Cryptogams SHA
Cryptogams is Andy Polyakov's project used to develop high speed cryptographic primitives and share them with other developers. This wiki article will show you how to use Cryptogams ARMv4 SHA-1 implementation. According to the head notes the ARMv4 implementation runs around 6.5 cycles per byte (cpb). Typical C/C++ implementations run around 10 to 20 cpb and Andy's routines should outperform all of them.
Andy's Cryptogam implementations are provided by OpenSSL, but they are also available stand alone under a BSD license. The BSD style license is permissive and allows developers to use Andy's high speed cryptography without an OpenSSL dependency or licensing terms.

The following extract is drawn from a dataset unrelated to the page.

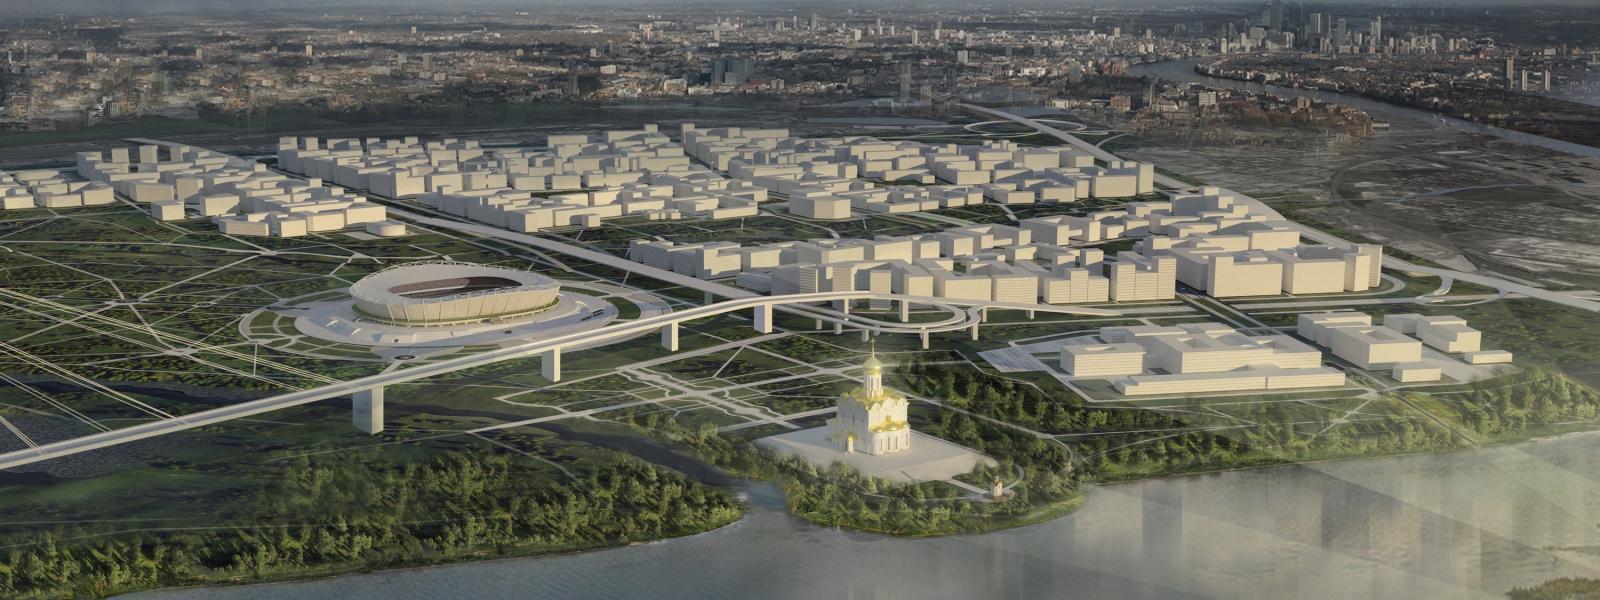 work-Проект застройки жилой территории на 40 тыс. жителей в Ленинском районе Иркутска

There are 6 steps to the process. The first step obtains the sources. The second step creates an ASM source file. The third step compiles and assembles the source file into an object file. The fourth steps determines the API. The fifth step creates a C header file. The final step integrates the object file into a program. Once you create the files sha1-armv4.h and sha1-armv4.S you can use sed to restore symbols back to their Cryptogams name with sed -i 's|OPENSSL|CRYPTOGAMS|g' sha1-armv4.h sha1-armv4.S.
A few cautions before you begin. First, you are going to examine undocumented features of the OpenSSL library to learn how to work with the Cryptogam's sources. The Cryptogam sources are stable but things could change over time. Second, the ARMv4 implementation hashes full SHA blocks. You are responsible for things like padding and side channel counter-measures.

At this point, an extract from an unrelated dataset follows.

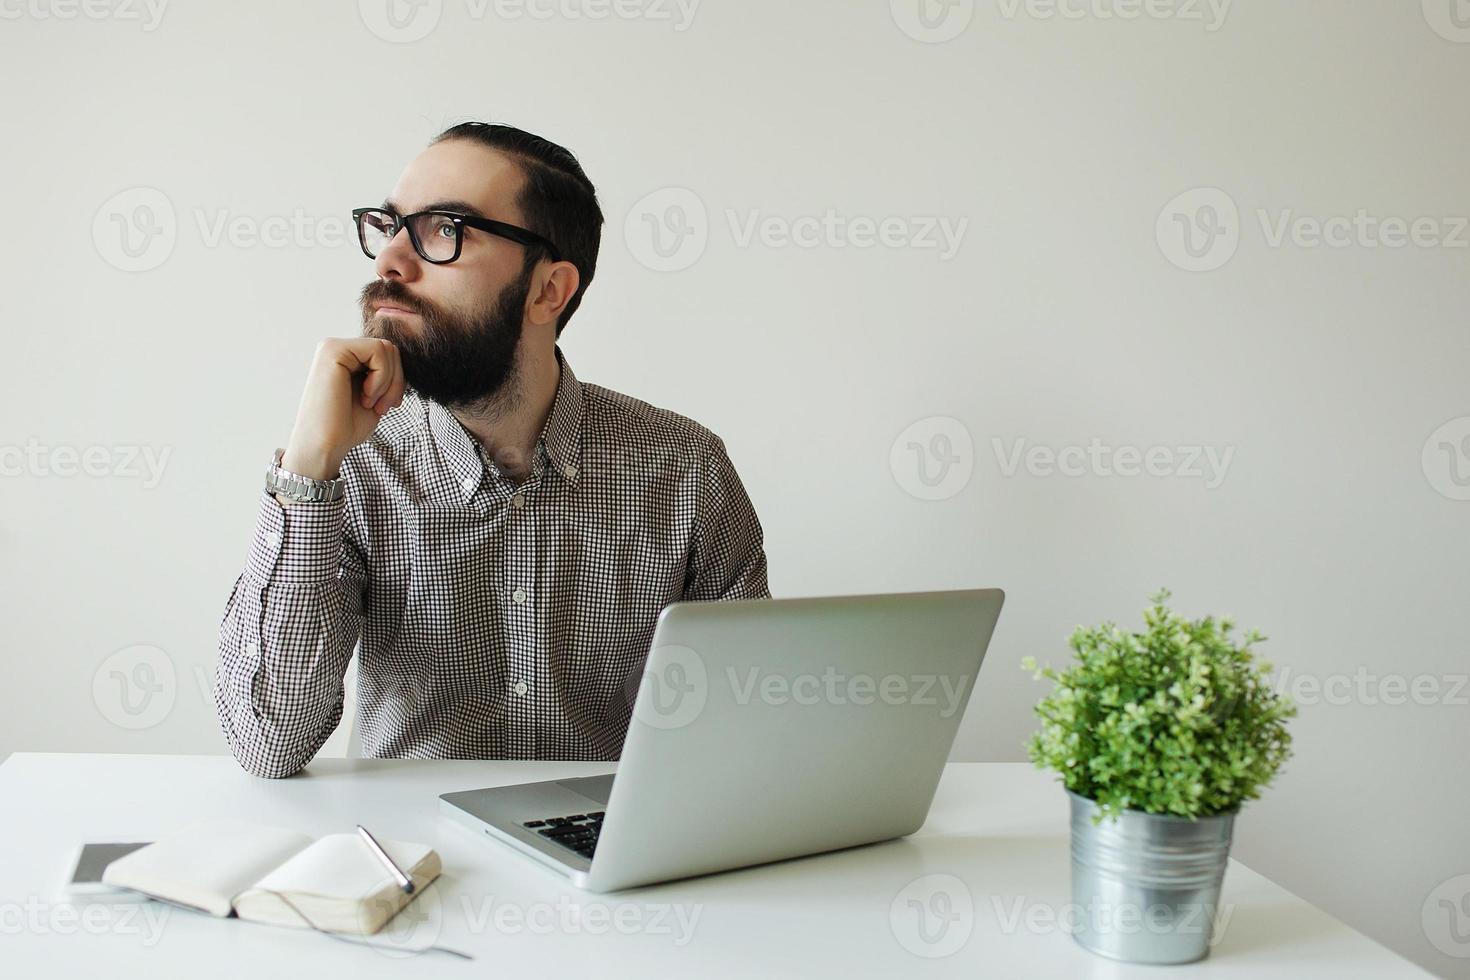 homme occupé avec barbe dans des verres en pensant avec un ordinateur portable, smartphone photo

If you experience "unexpected reloc type 0x03" whenbuilding a shared object then see What does unexpected reloc type 0x03 mean? on the Binutils mailing list.
Obtain Source Files
There are two source files you need for Cryptogams SHA. The first is arm-xlate.pl and the second is sha1-armv4.pl. They are available in the OpenSSL sources. The following commands fetch OpenSSL and then peels off the two Cryptogams files of interest.
# Clone OpenSSL for the latest Cryptogams sources git clone https://github.com/openssl/openssl.git mkdir cryptogams/ cp ./openssl/crypto/perlasm/arm-xlate.pl ./cryptogams/ cp ./openssl/crypto/sha/asm/sha1-armv4-large.pl ./cryptogams/ cp ./openssl/crypto/arm_arch.h cryptogams/ cd cryptogams/
Create ASM File
The second step is to run sha1-armv4-large.pl to produce an assembly language source file that can be consumed by GCC. sha1-armv4-large.pl internally calls arm-xlate.pl. linux32 is the flavor used by the translate program. sha1-armv4.S is the output filename. In the command below note the *.S file extension, which is a capitol S. Do not use a lowercase s because GCC must drive the compile and assemble step.
perl sha1-armv4-large.pl linux32 sha1-armv4.S
GCC is needed to drive the process because there are C macros in the source file. Some Cryptogam source files have this requirement, while some others do not. sha1-armv4 happens to have the requirement.
$ cat sha1-armv4.S @ Copyright 2007-2018 The OpenSSL Project Authors. All Rights Reserved. ... #ifndef __KERNEL__ # include "arm_arch.h" #else # define __ARM_ARCH__ __LINUX_ARM_ARCH__ #endif ...
At this point there is an ASM file but it needs two small fixups. First, arm_arch.h is an OpenSSL source file so the dependency must be removed. Second, GCC defines __ARM_ARCH instead of __ARM_ARCH__ so a sed is needed.
To fixup the source files execute the following two commands:
# Remove OpenSSL include sed -i 's/# include "arm_arch.h"//g' sha1-armv4.S # Fix GCC defines sed -i 's/__ARM_ARCH__/__ARM_ARCH/g' sha1-armv4.S
Alternately, instead of the two sed's, you can open arm_arch.h, copy the defines and paste them directly into sha1-armv4.S. Take care when using arm_arch.h as it carries the OpenSSL license.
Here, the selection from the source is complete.